It started with a simple question in 2016 – ‘Should the United Kingdom remain a member of the European Union or leave the European Union?’ At the time, it was thought the vote would lead to a binary outcome, but it has since evolved into anything but that. We have seen a General Election, Article 50 triggered, two and a half years of intense negotiations, countless resignations, the Irish backstop debacle, a government found in contempt and a deal losing by the biggest margin in British history. If things have not already escalated enough, we now have cross-party involvement. Varying ideas such as ruling out a no deal, staying in the customs union, a second referendum and extending Article 50, have all been thrown into the mix. The same subject dominating the news each day with no end in sight may drive most people a little mad, but for us traders, it presents opportunities.

What have we got to look forward to? In a week that saw her deal shot down but still retain Parliament’s confidence, PM May will present plan B to the House on Monday. Cross-party talks, minus Labour Leader Jeremy Corbyn, may yield a new path. This could be significant for the pound as sterling-friendly options include extending Article 50, staying within the customs union and ruling out a no deal. It’s hard to see how any of these three options could come to fruition.

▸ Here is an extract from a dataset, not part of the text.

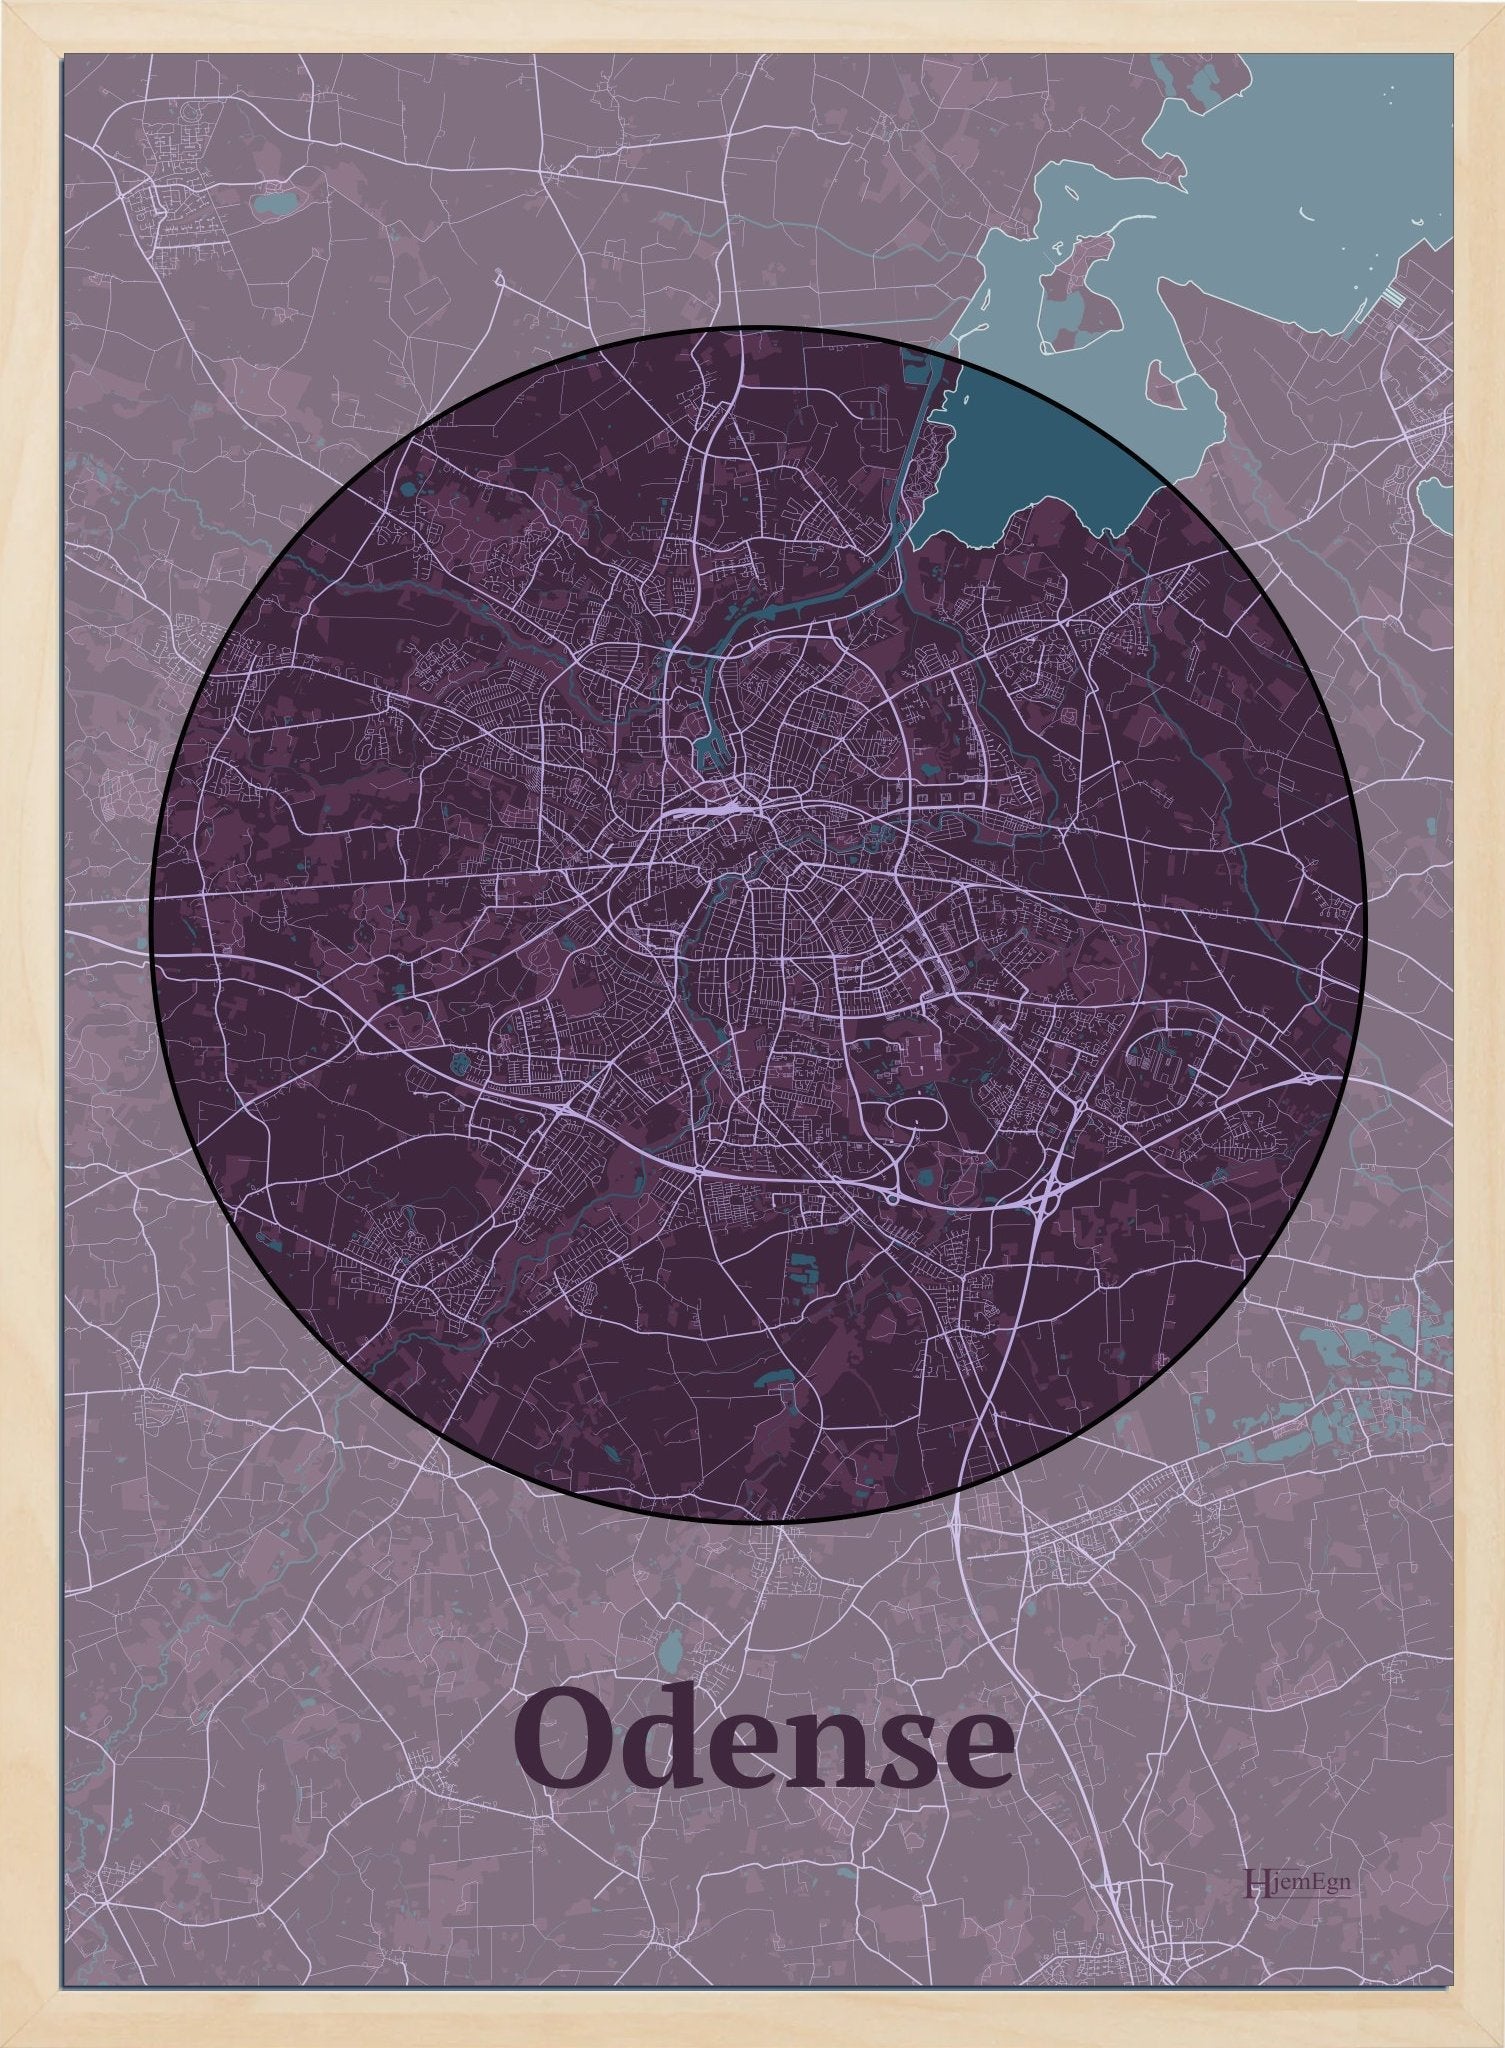 Odense plakat i farve mørk rød og HjemEgn.dk design centrum. Design bykort for Odense

An extension of Article 50 requires EU approval, the PM May has ruled out the customs union and a no deal is enshrined in law as the default option if a withdrawal agreement cannot be agreed. Though these options seem unlikely, with the withdrawal date rapidly approaching and a house deeply divided on whether they should deliver on the 2016 referendum or not, anything can happen.

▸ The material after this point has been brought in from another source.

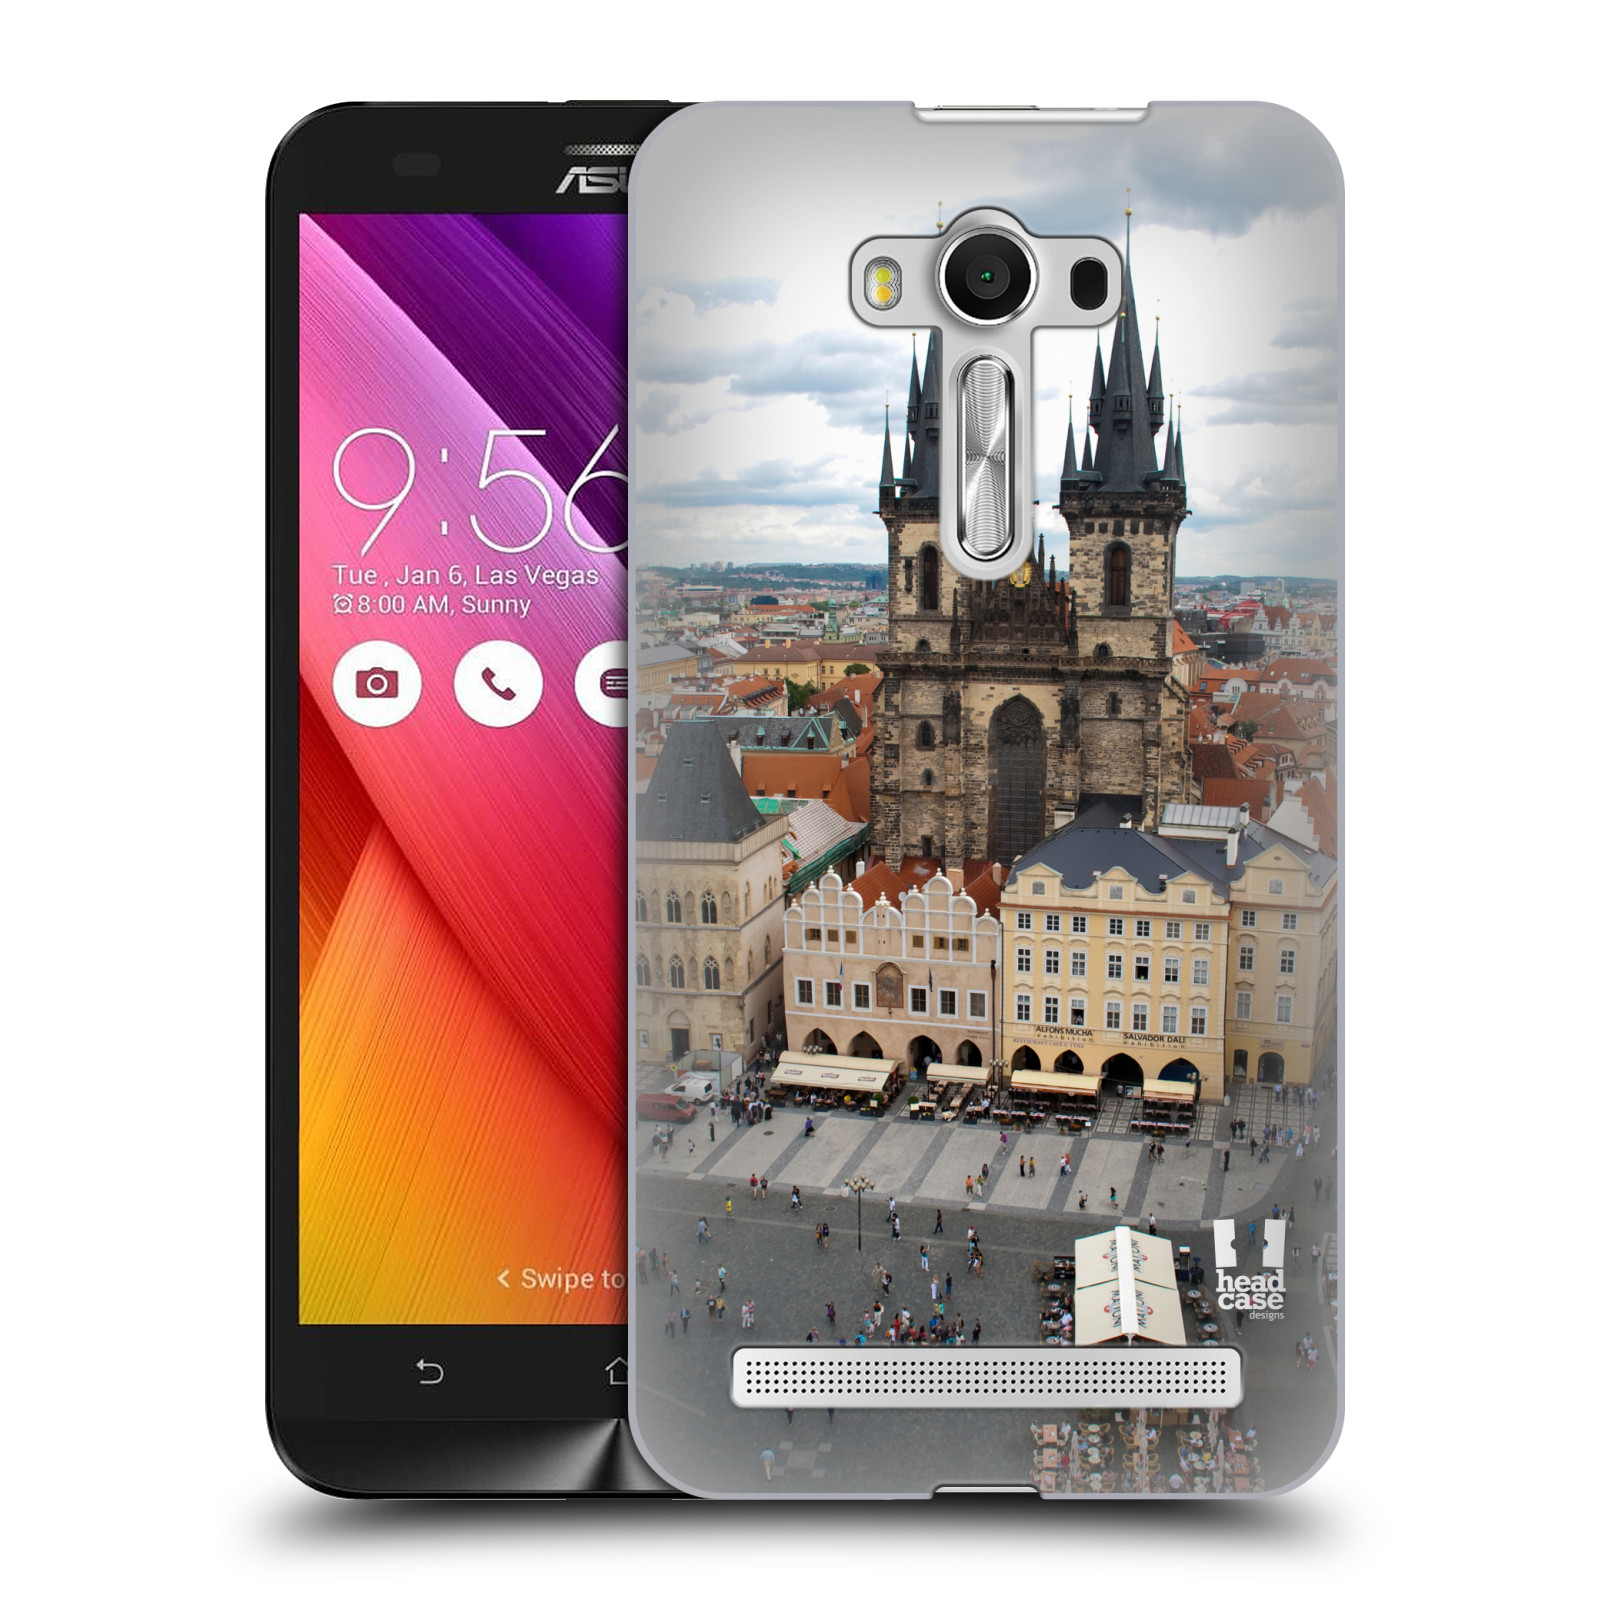 HEAD CASE plastový obal na mobil Asus Zenfone 2 LASER (5,5 displej ZE550KL) vzor Města foto náměstí ČESKÁ REPUBLIKA, PRAHA, STAROMĚSTSKÉ NÁMĚSTÍ

Sterling has been enjoying a brief respite lately with the possibilities of Brexit becoming a little softer. GBP/USD has traded up to levels seen back in November, before we fell down to 20-month lows. A price of around 1.3 was traded but has since fallen back lower. It seems we are in a trend channel which has been developing to the downside for some time; a solid move above here with a sustained hold could pave the way for further gains. Above 1.3086 we have a 38.2% fib at 1.3178, which further pushes up bringing the July/September highs into focus between 1.3296/1.3343. The remaining fibs sit at 1.3407(50%) and 1.3637 (61.8%).

Momentum can spin around at the flick of a switch, and I’m positive initial knee-jerk reactions will happen at the prospect of a no deal. Recent lows of 1.2435 should be easily overcome, as trading heads towards 1.2381/1.2317 and then the 2016 lows at 1.17.